The problem: the other day, I noticed that internet explorer wouldn't fully load ... it just gave me a blank window and the hourglass. So, I tried using Mozilla, and that worked. Then, later, when I tried to shut down my computer, it gave me a bunch of "End Program" messages, and took so long that I shut down the comp manually. So, I thought maybe there was a problem with too many internet files or cookies or something (since I recently got DSL and am online all the time now), so I used the control panel to delete all my cookies and temporary internet files, then when I restarted the computer, Internet Explorer worked again, so I figured the problem was solved. Then, the next time I used my computer, IE wouldn't load again, but Mozilla did, so I figured it was the same weird problem. Again, when I tried to shut down, I got the following "End Program" Messages: "AXWIN Frame Window," "DSAgnt.exe," "Task Panel," and "DDE Server Window." I tried restarting and deleting the temp internet files and cookies again because that seemed to work the first time, but this time it didn't work. 

Now, a lot of programs seem to be working super slow, like Musicmatch Jukebox, Internet Explorer (which doesn't even load half the time), and even Mozilla, which didn't load the last time I tried and freaked me out! The programs either don't start right away, or freeze up ("not responding"), and when I try to CTRL+ALT+DEL and end program, it takes FOREVER. 

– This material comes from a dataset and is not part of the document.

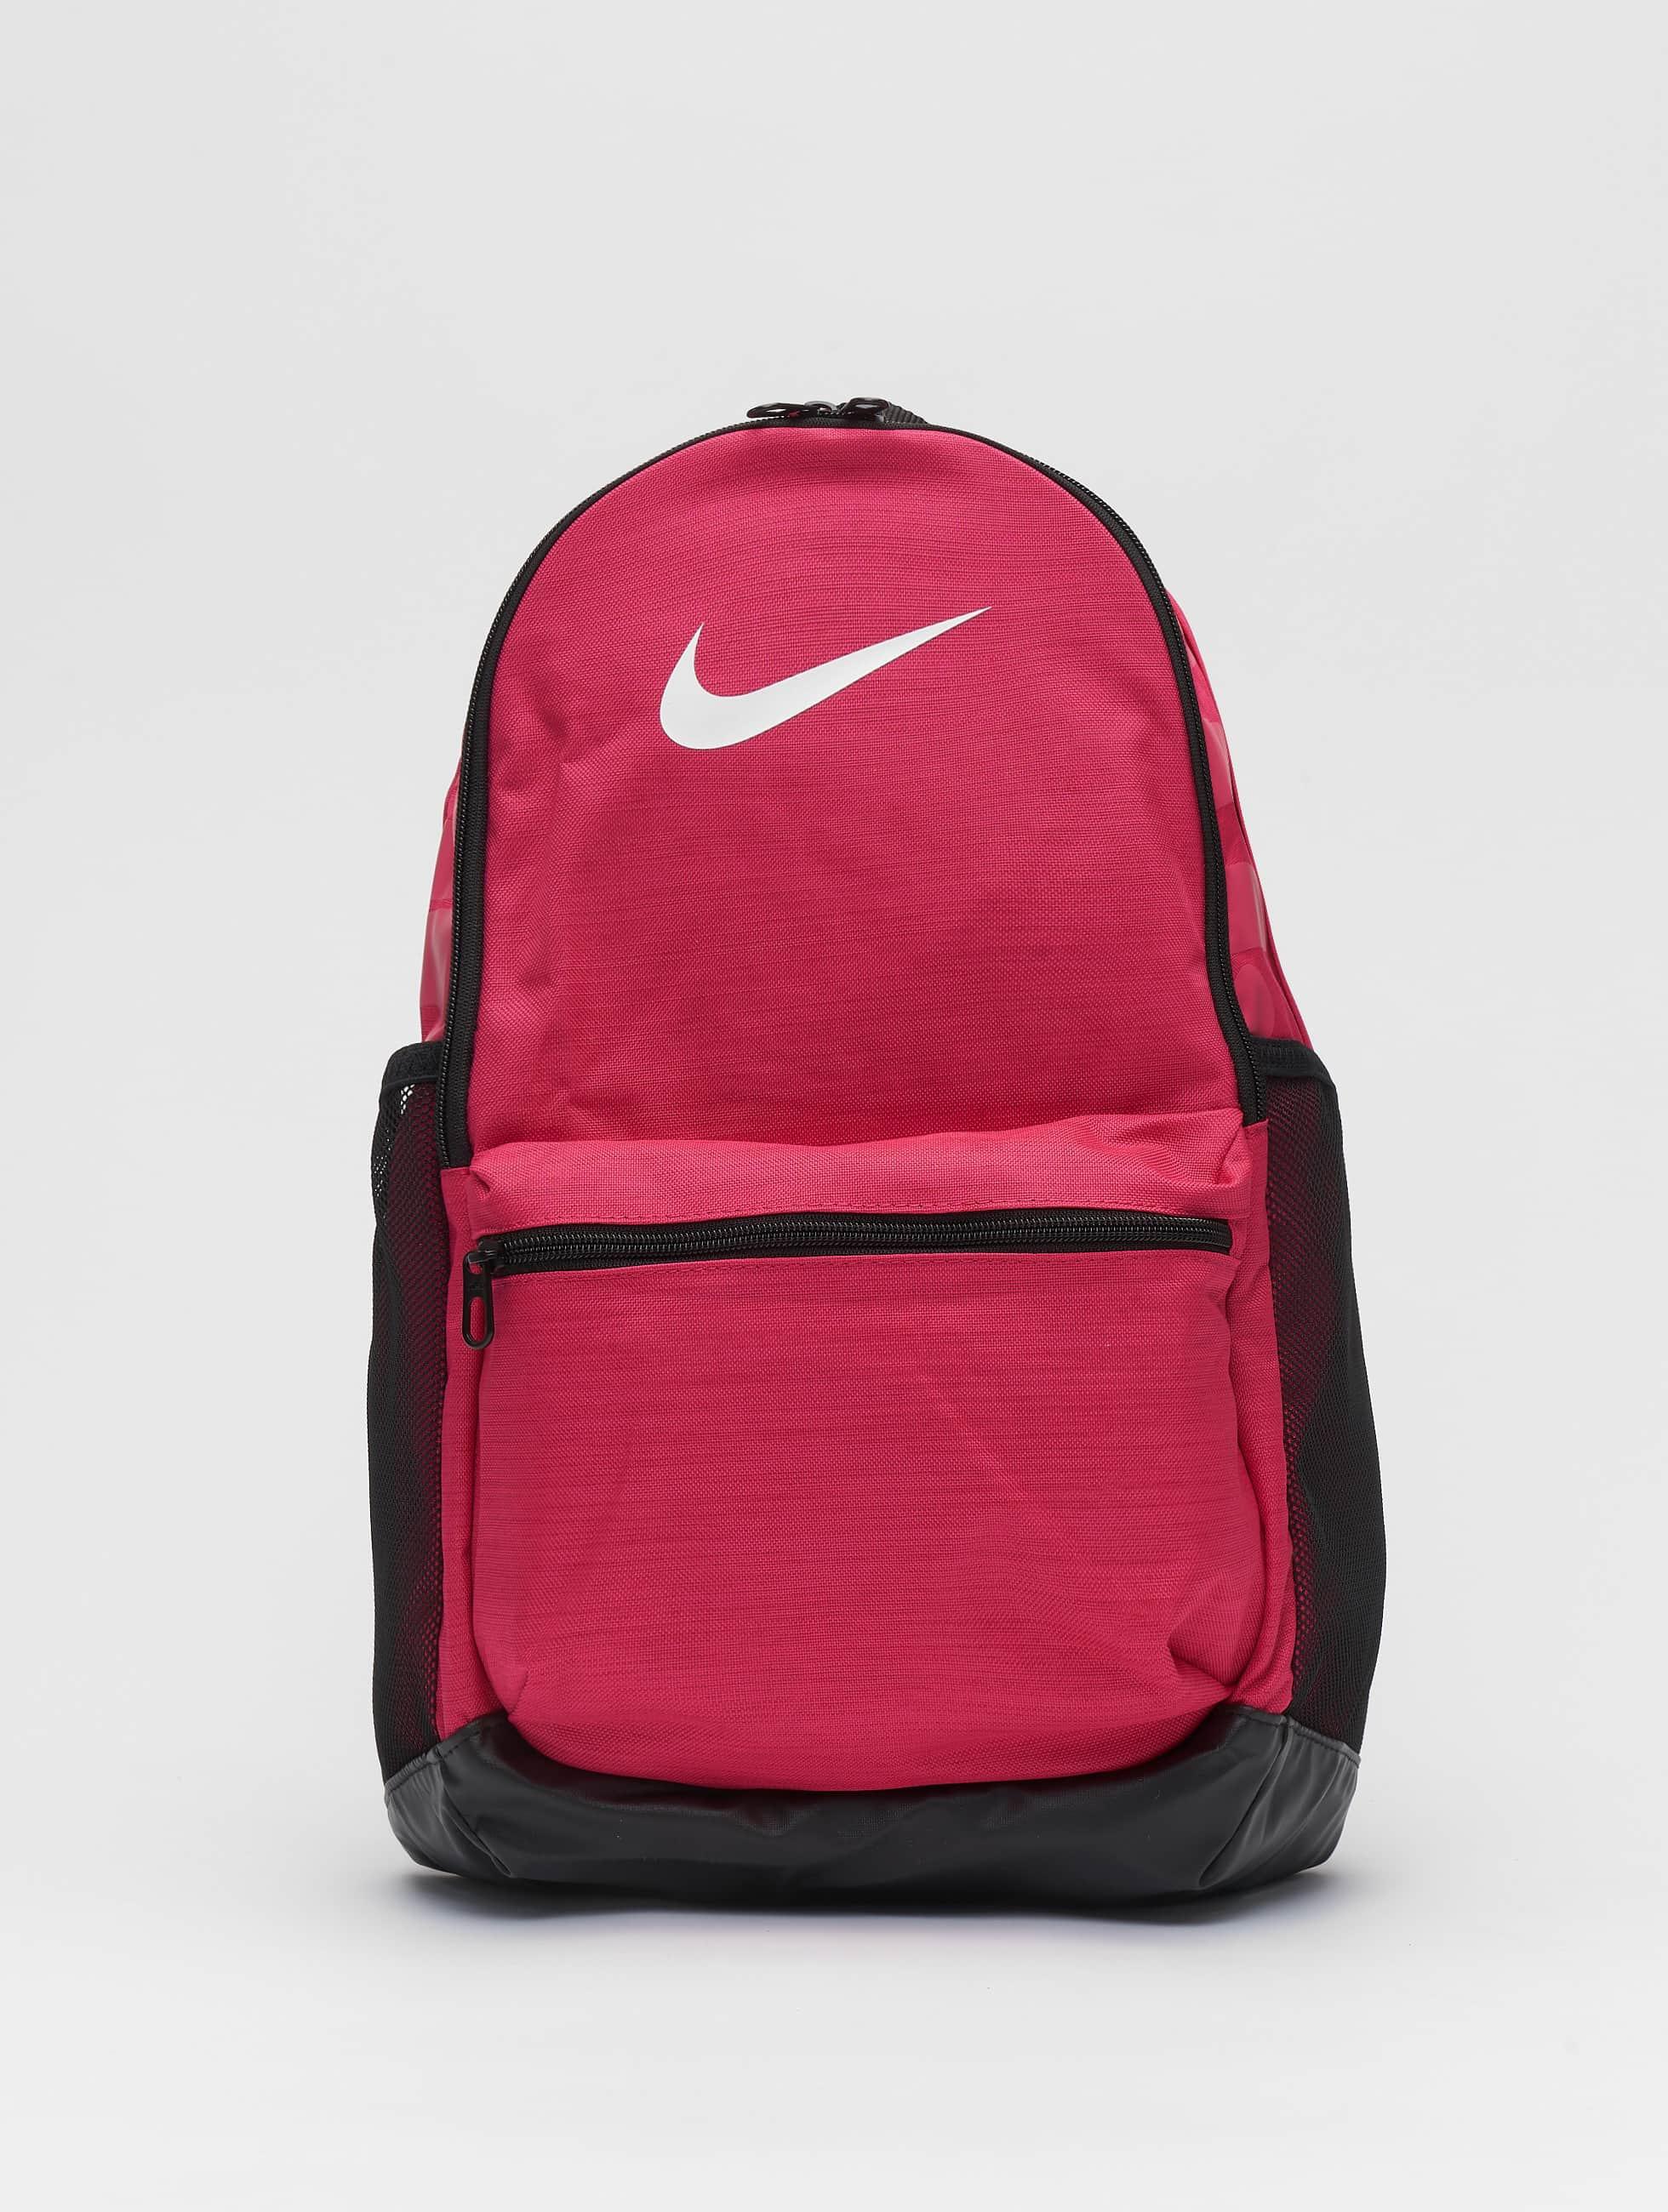 Nike Brasilia 9.0 (24l) Backpack BlackBlackWhite

With all the "updates" I'm bombarded with lately, I don't know what on my computer is actually necessary and what is just crap, so I think I acquired some crap somewhere along the way, and I think the "End Program" messages have something to do with it! Please help!

Erin


----------



## Technician1 (Jun 3, 2006)

Well researching the AXWIN Frame Window, i found that if you run Adaware SE it will stop that error.

What is dsagnt.exe??

DSAgnt.exe is a process belonging to Dell Support which offers additional support and update features for your Dell computer or laptop. This program is non-essential process to the running of the system, but should not be terminated unless suspected to be causing problems. If you think there is sometthing wrong with it run this checker: http://www.liutilities.com/products/campaigns/plib/rbplib/6/

Taskpanel?? I would not know...

For that DDE Server Window, look here: http://support.microsoft.com/default.aspx?scid=kb;en-us;892850

This article realates to your IE not responding in Windows 2000 and Windows XP


----------



## RHCPfreak21 (Oct 10, 2005)

Thanks for your advice. I think it was a Microsoft problem. I was prompted by Microsoft to install an update (a "hotfix"), and I haven't had any problems since.

THANKS!
Erin


----------



## Technician1 (Jun 3, 2006)

No worries...


----------